Provided data:
-------------------------

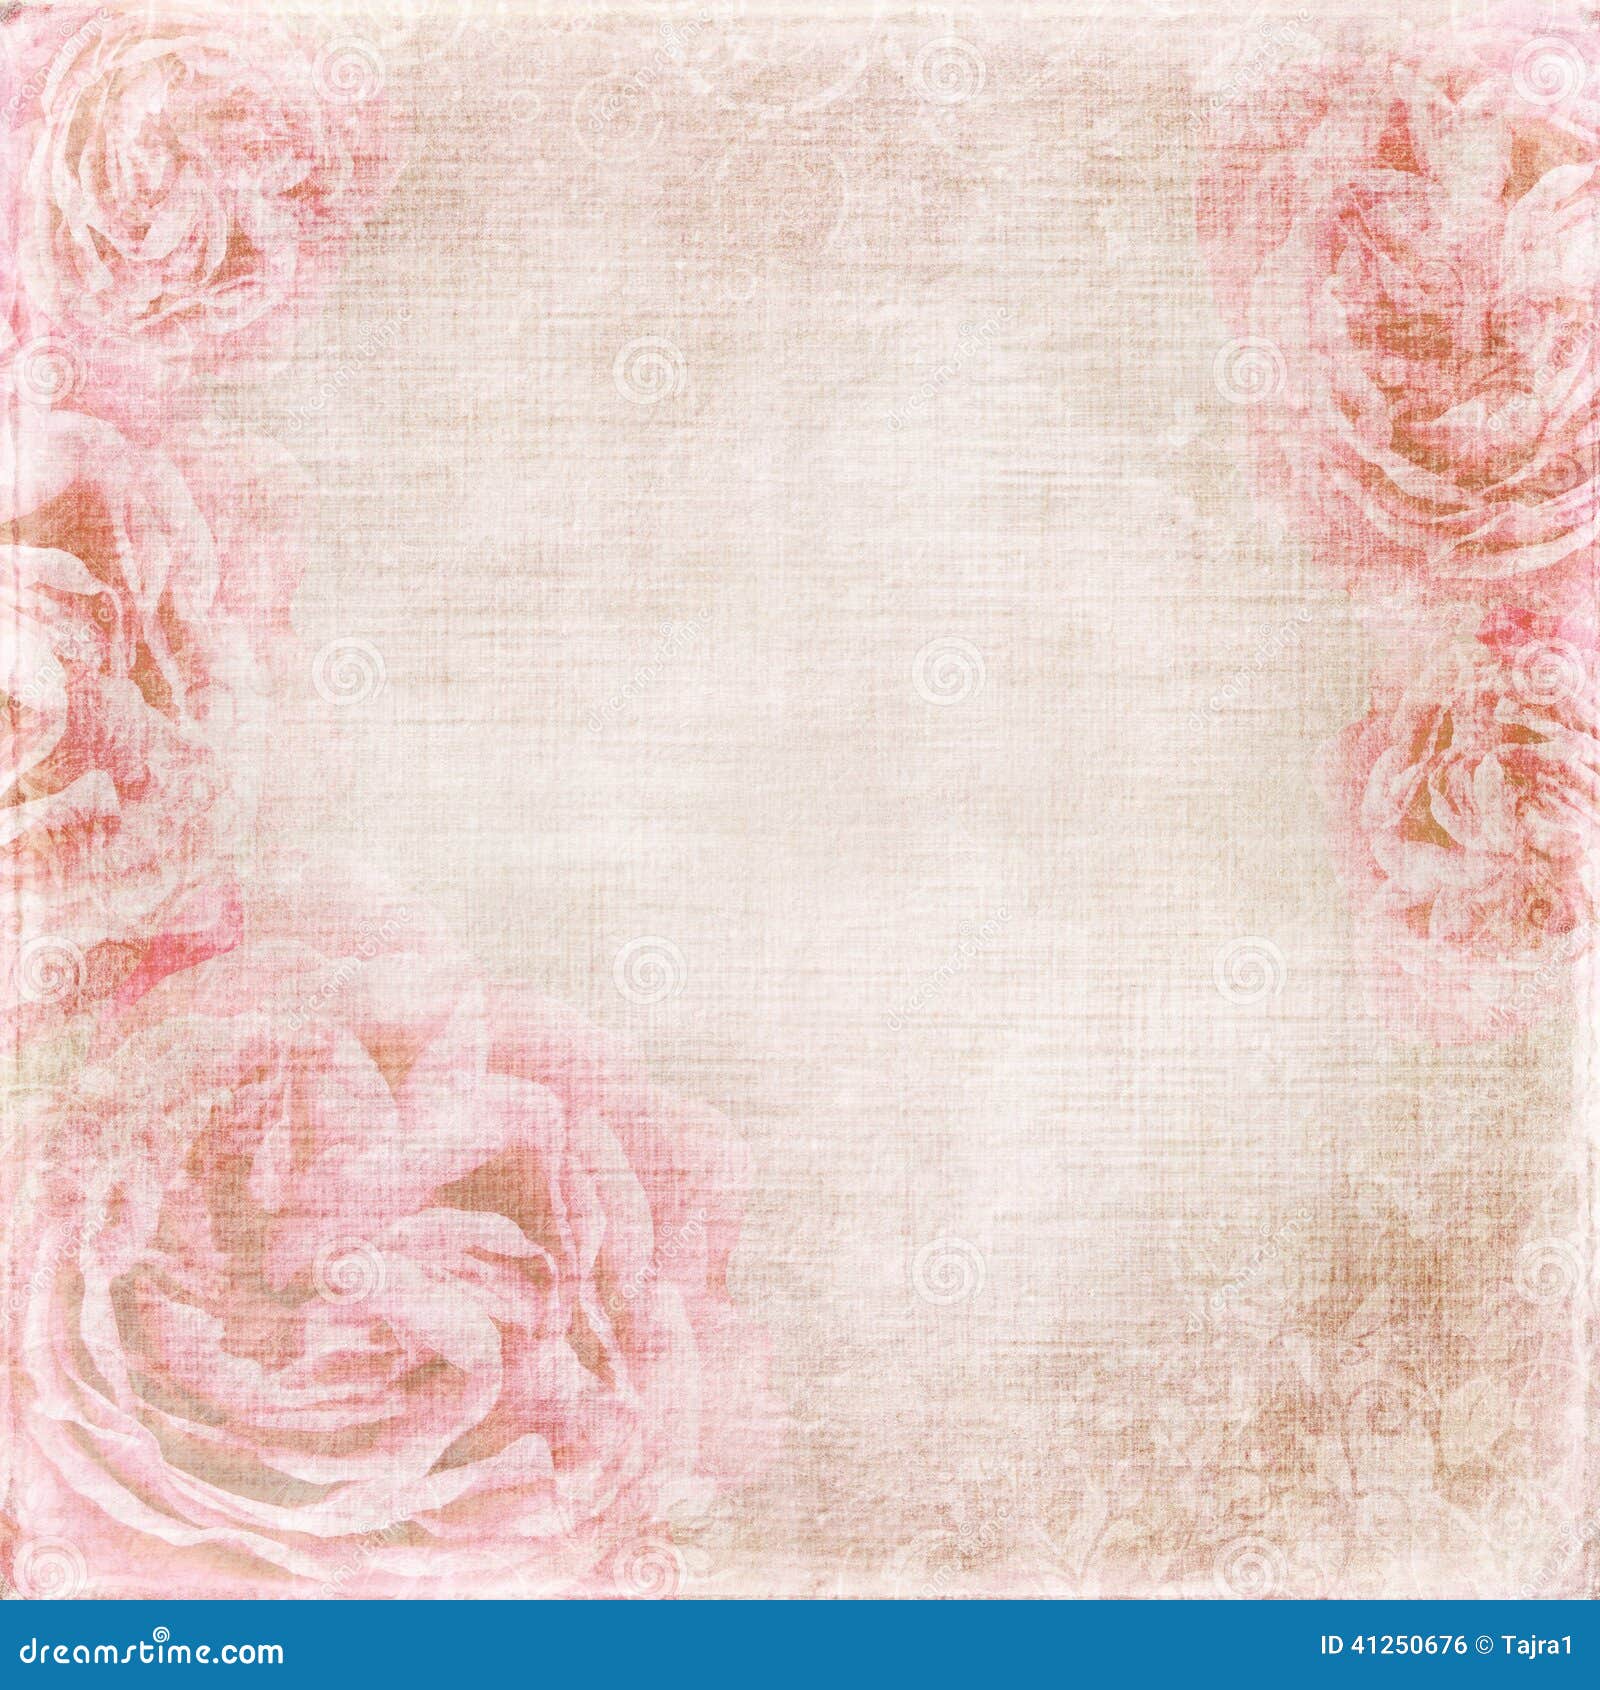 Vintage Texture Background Stock Photo Image Of Floral 41250676
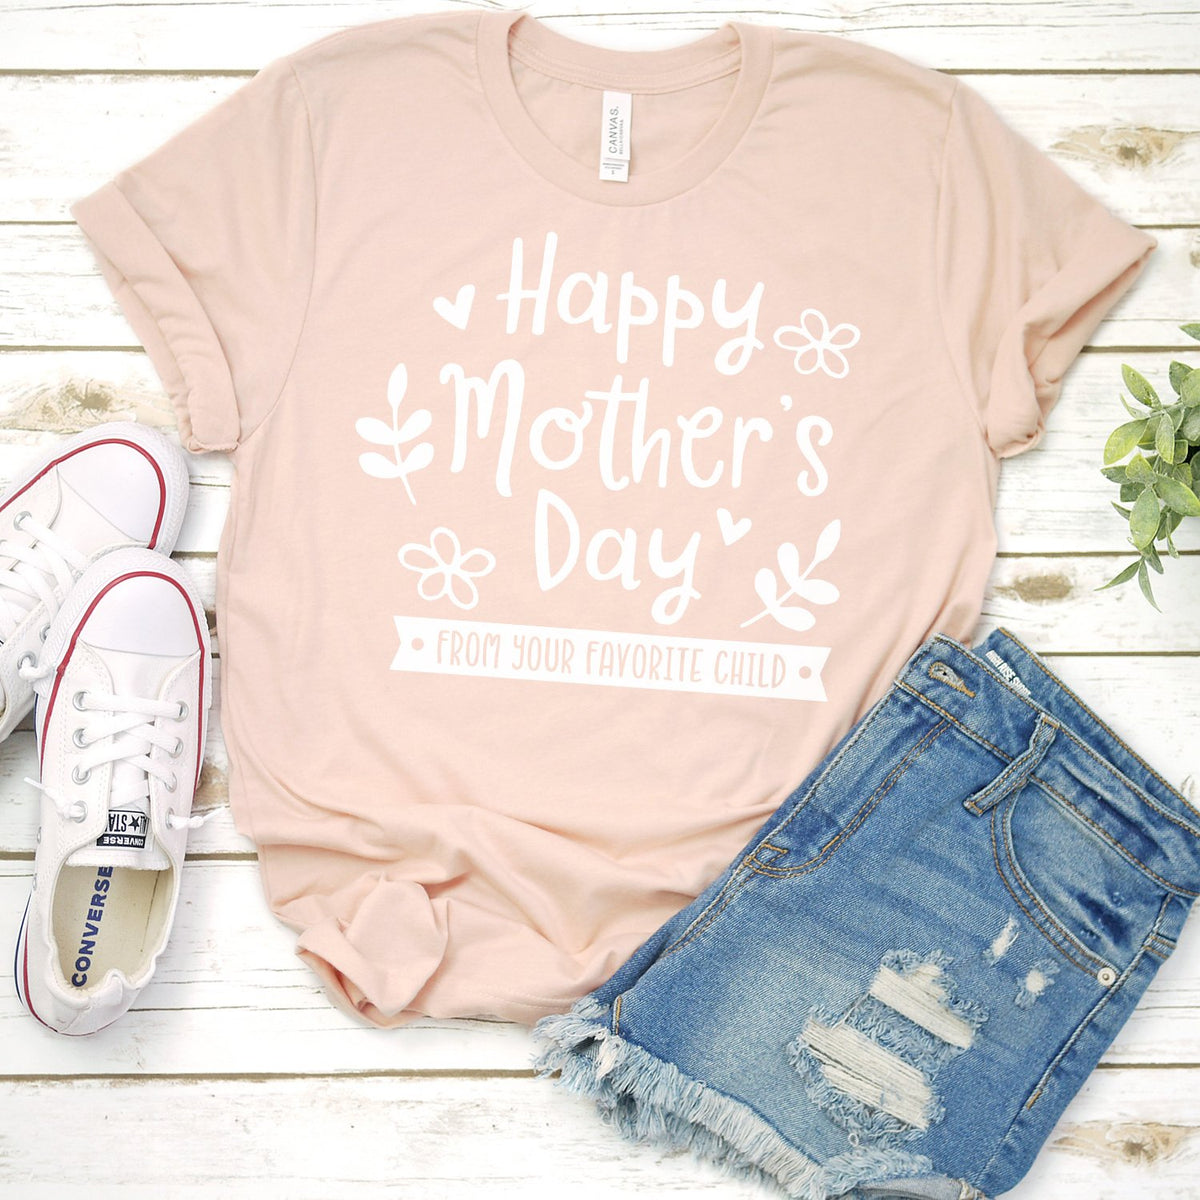 Happy Mother&#39;s Day From Your Favorite Child - Short Sleeve Tee Shirt
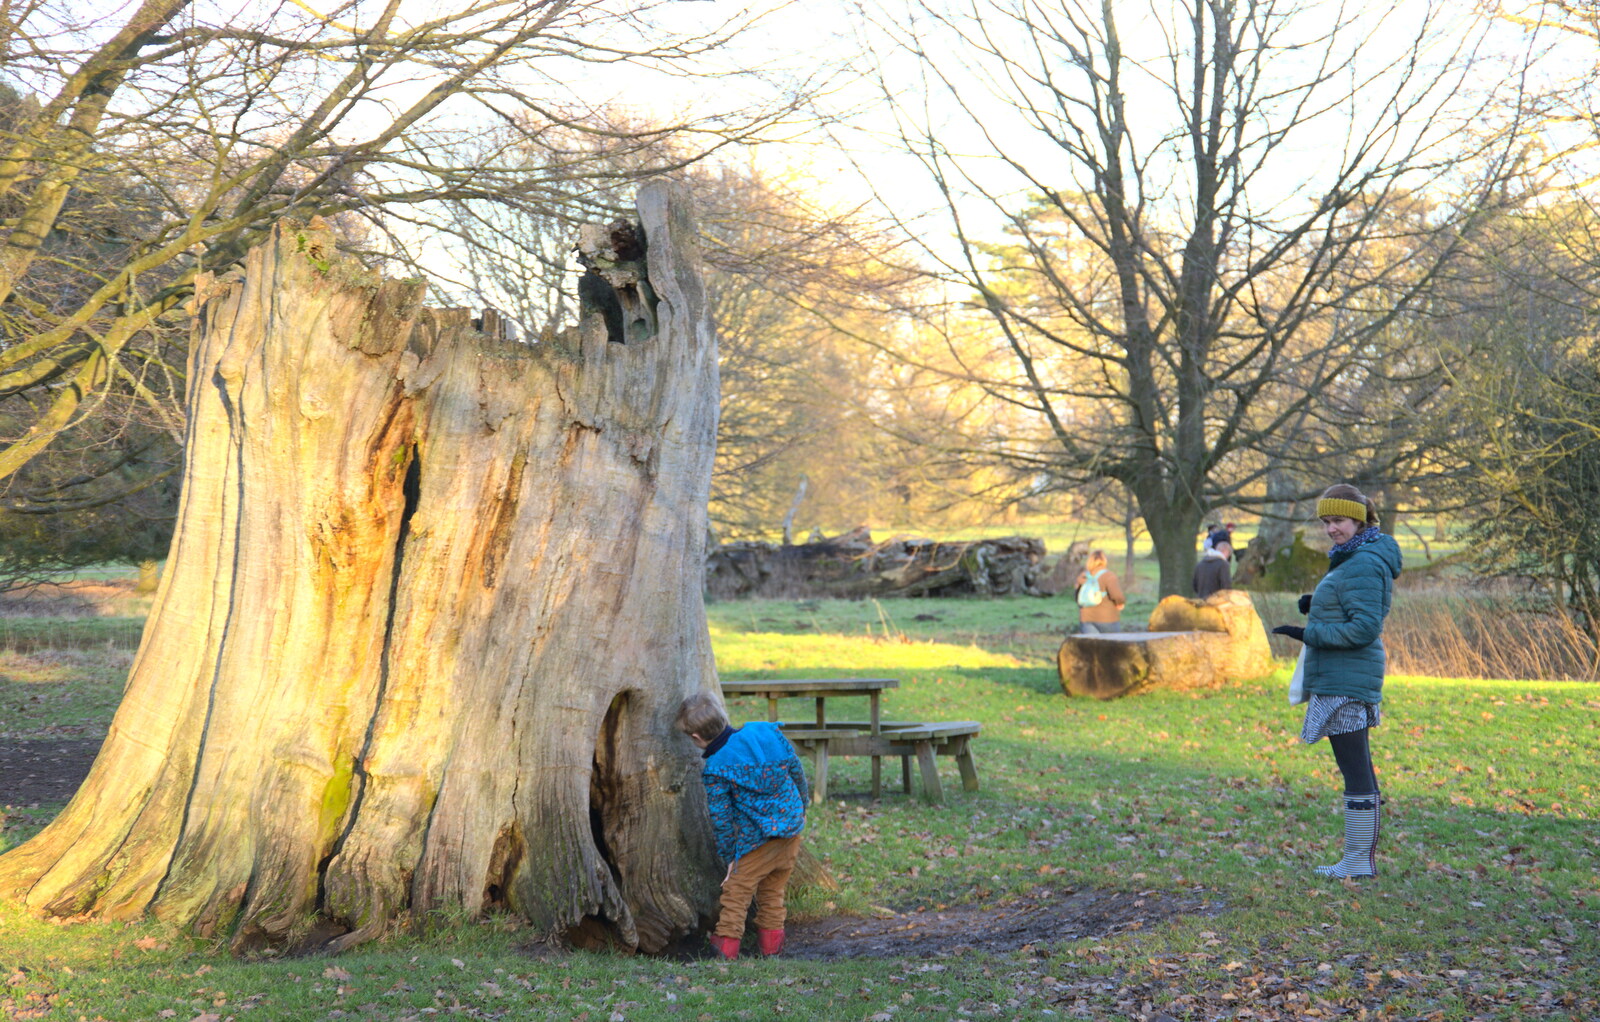 Harry checks a tree-stump out from Life Below Stairs, Ickworth House, Horringer, Suffolk - 28th January 2018
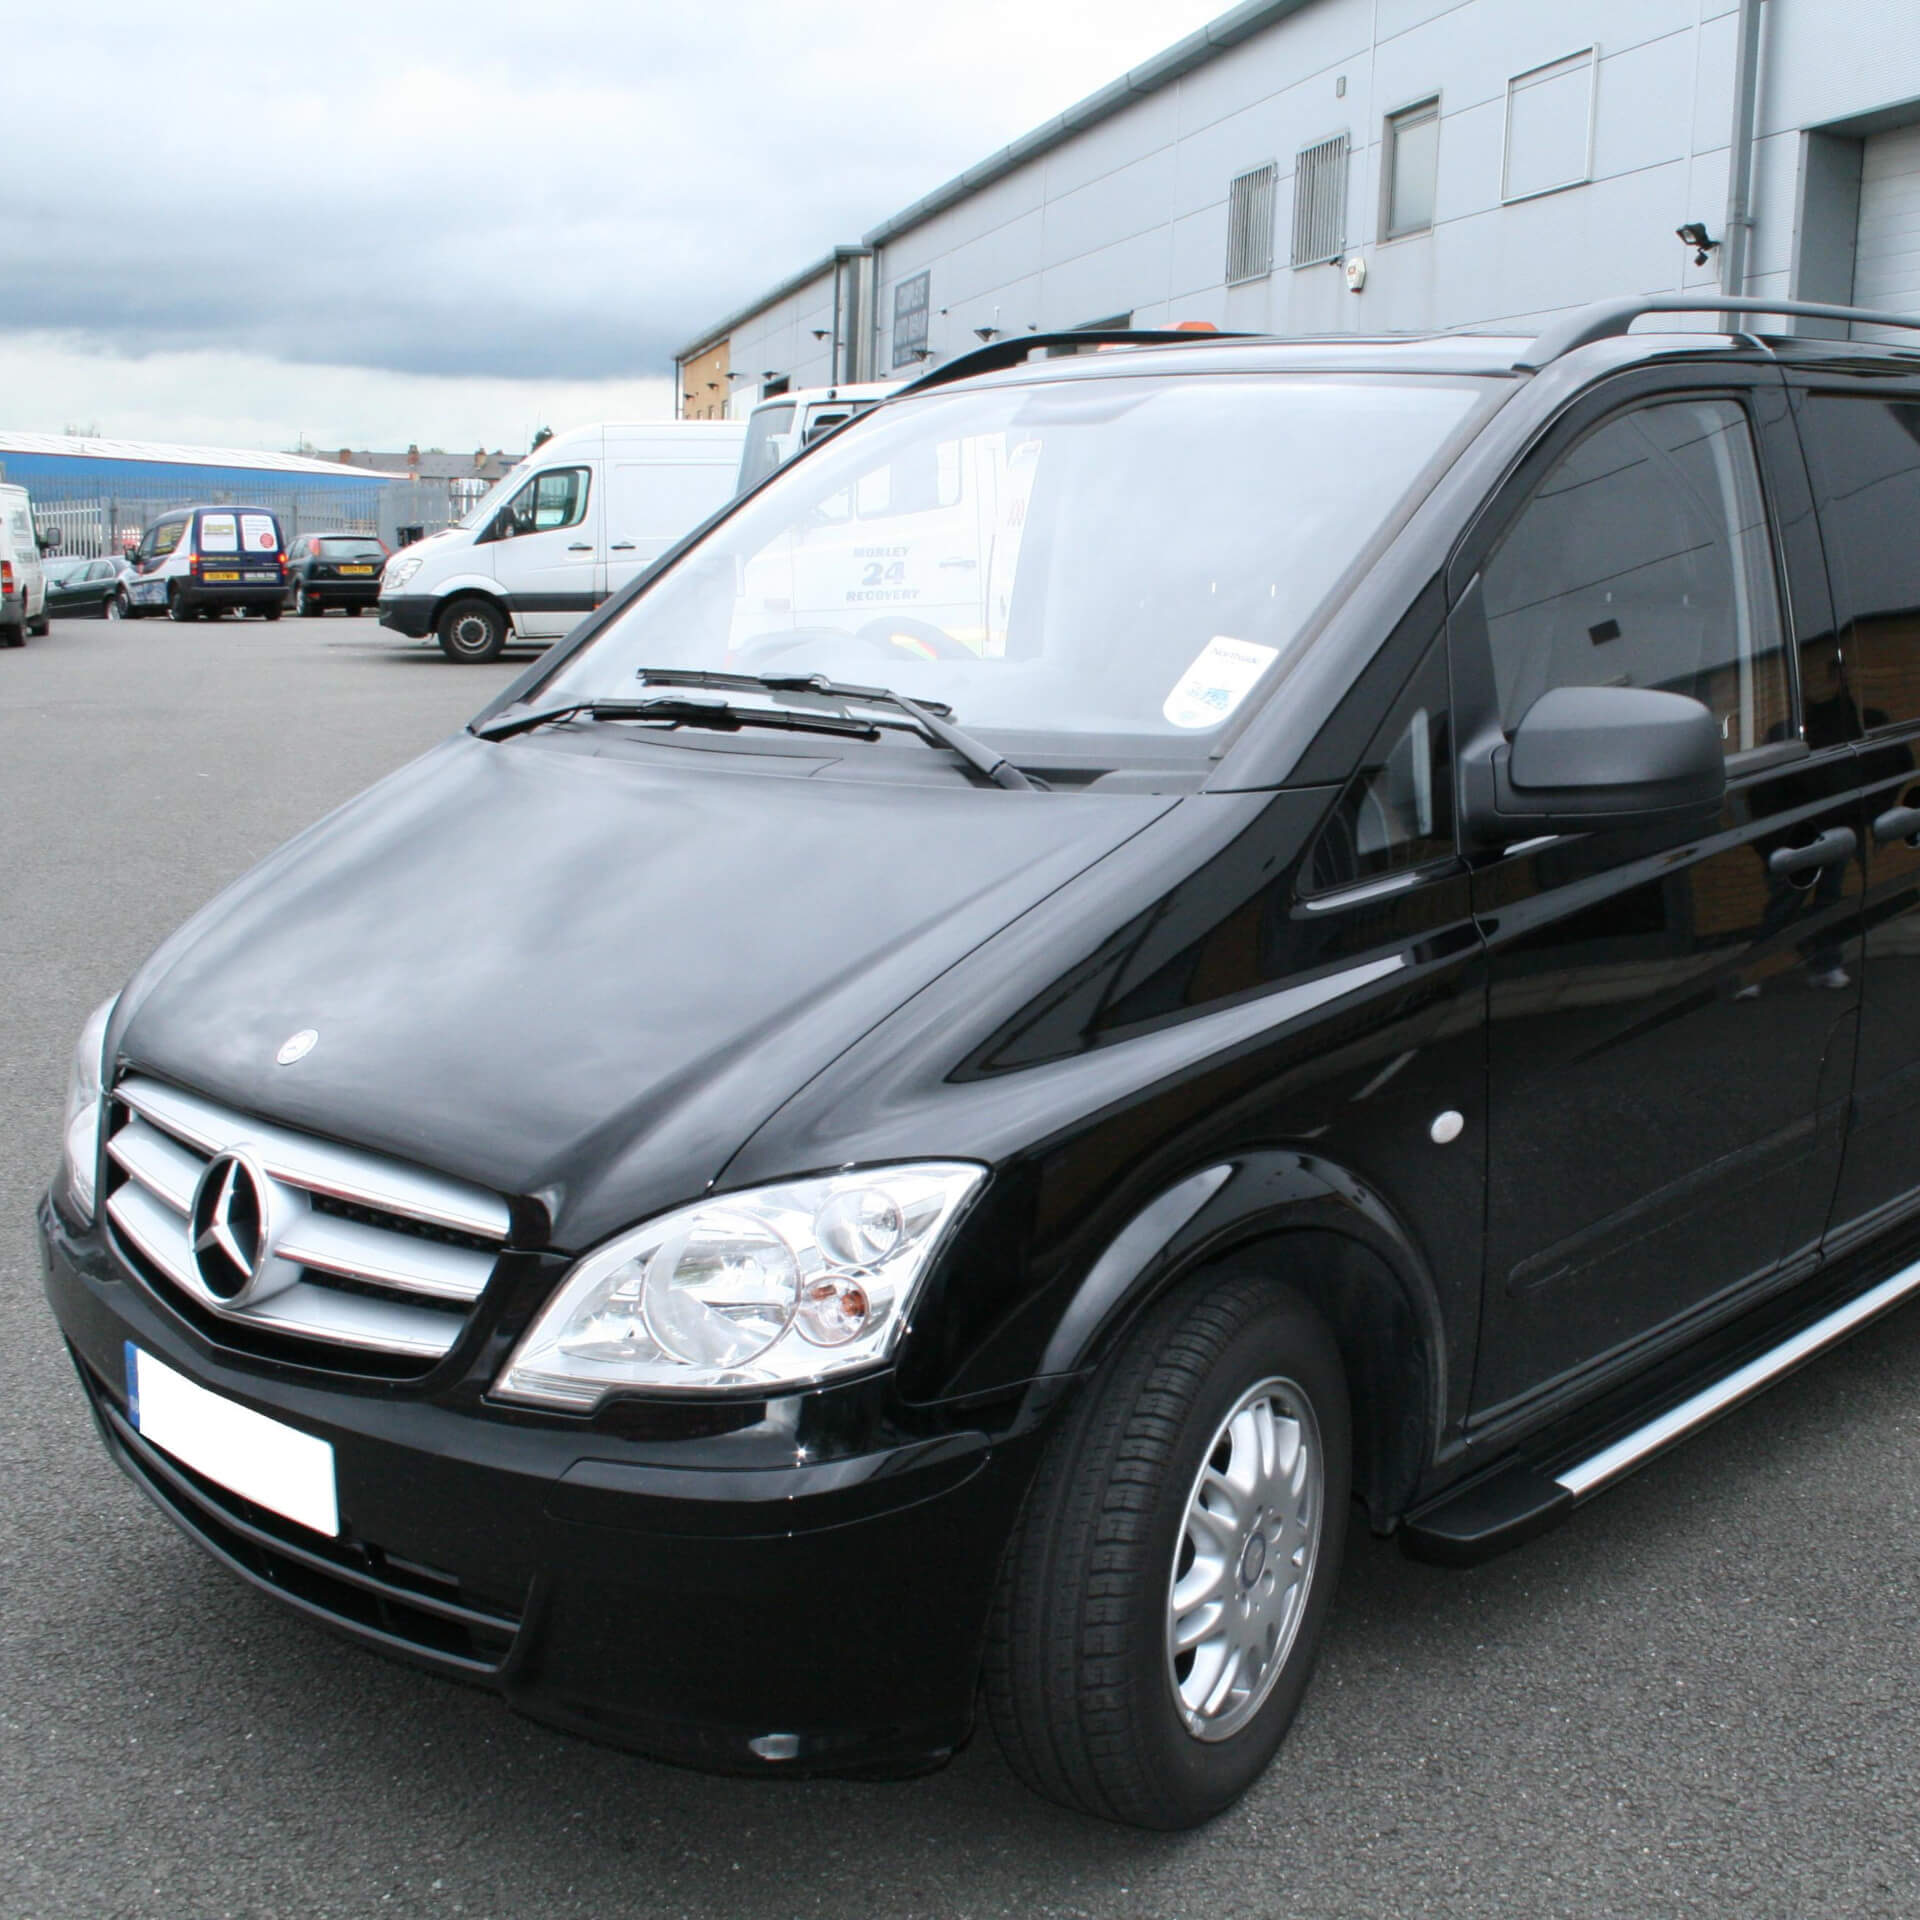 Direct4x4 accessories for Mercedes Vito/Viano vehicles with a photo of a black Mercedes Vito/Viano parked in a car park

-------------------------

What you will do: Please retype the whole of the data precisely, omitting pictures.

Result of this task:
 Vintage Texture Background Stock Photo Image Of Floral 41250676
 Happy Mother&#39;s Day From Your Favorite Child - Short Sleeve Tee Shirt
 Harry checks a tree-stump out from Life Below Stairs, Ickworth House, Horringer, Suffolk - 28th January 2018
 Direct4x4 accessories for Mercedes Vito/Viano vehicles with a photo of a black Mercedes Vito/Viano parked in a car park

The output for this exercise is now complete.